Stocks traded up slightly in Europe during the first day of trading in 2012, with the Stoxx Europe 600 Index gaining 0.8 percent. However, 2012 should prove to be a pivotal year for the continent and the eurozone as efforts to save the embattled currency come to a head.
$200 Billion in Debt Maturing
As the Euro celebrates its 10 year anniversary, having first been implemented on January 1st, 2011, the eurozone finds itself in dire straits. The eurozone, the 17 nations using the Euro as their currency, will have some $208 billion maturing in the first three months of 2012 according to UBS (UBS).
Yields Falling for Italian, Spanish Bonds
One of the biggest concerns for Europe has been the skyrocketing bond yields in Italy and Spain. The governments of Greece, Ireland, and Portugal all required bailout after bond yields exceeded 7 percent, but the larger economy of Italy would most likely have broader and farther reaching consequences. Bond yields were hovering at around that 7 percent mark towards the end of 2011, but a new lending program by the European Central Bank (ECB) helped to drive those yields down below 7 percent, with Spanish yields also falling. With massive amounts of debt maturing early in 2012, it will be all the more important to these two struggling countries to borrow at lower rates.
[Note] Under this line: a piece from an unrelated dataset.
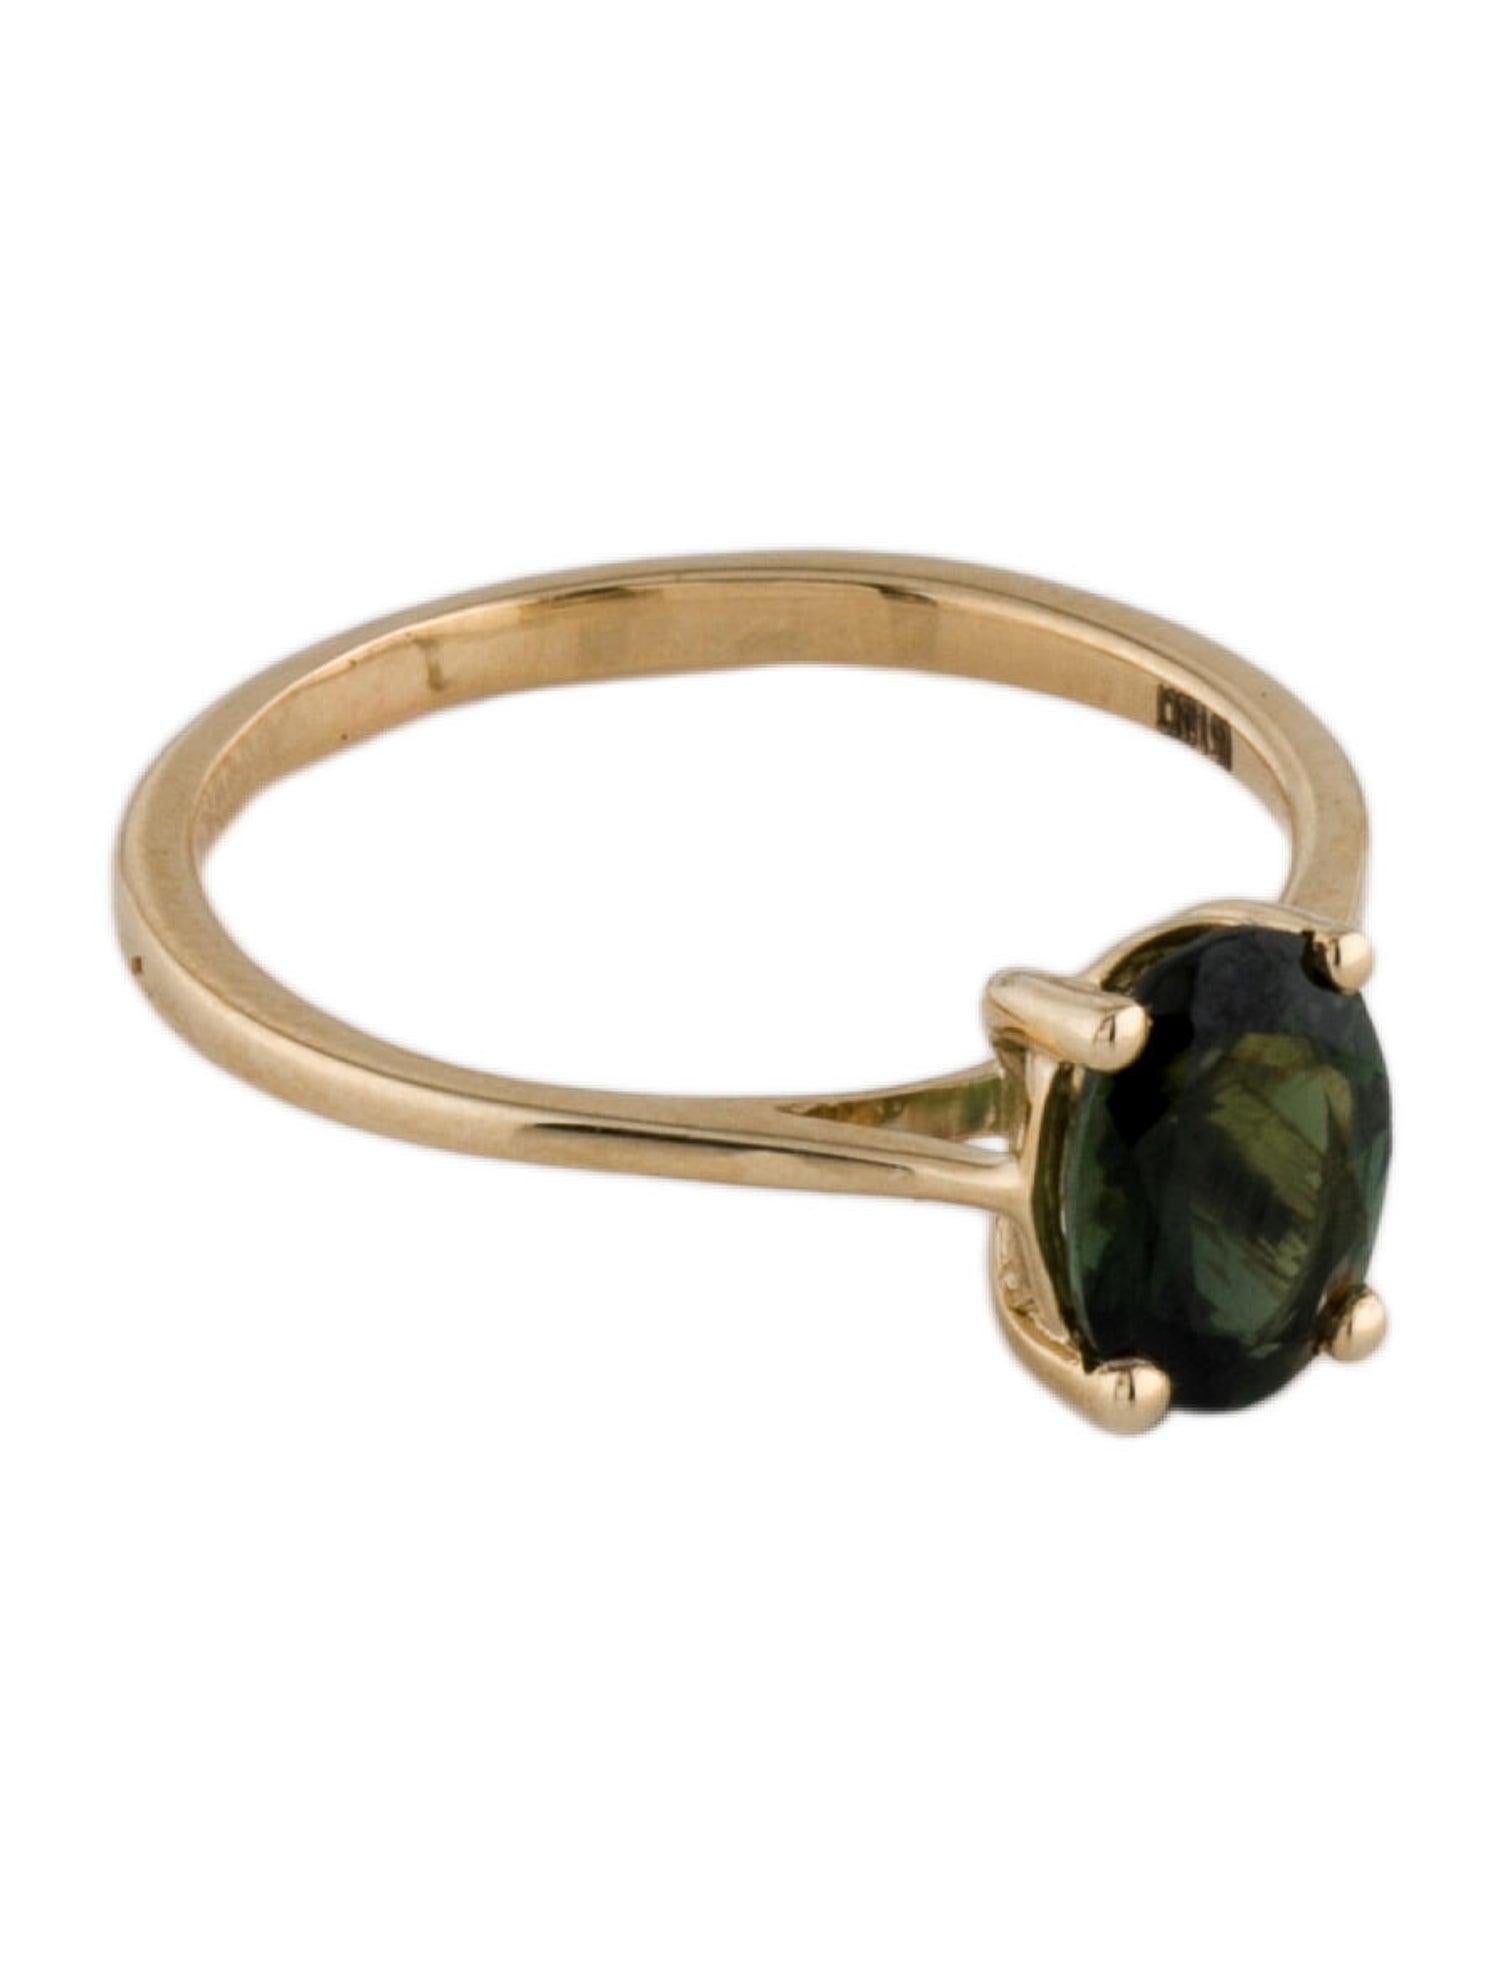 Immerse yourself in the mesmerizing allure of our Rainbow Gemstone Radiance Green Tourmaline Ring from the Jeweltique collection. This exquisite piece is a celebration of nature's diverse beauty, capturing the enchanting kaleidoscope of colors found

Sarkozy and Merkel to Meet
Nicolas Sarkozy and Angela Merkel have made plans to meet on January 9th for a "working lunch" in order to plan for the slate of meetings, the most important of which is a European Union summit coming up on January 30th. Sarkozy and Merkel proposed plans to the EU for a comprehensive new treaty that would enforce fiscal discipline throughout the continent, but David Cameron and England balked at the treaty changes, forcing the eurozone to pursue their own deal separately. Now, Sarkozy and Merkel have to struggle to ensure that their new plan is implemented as battles within national parliaments and with England.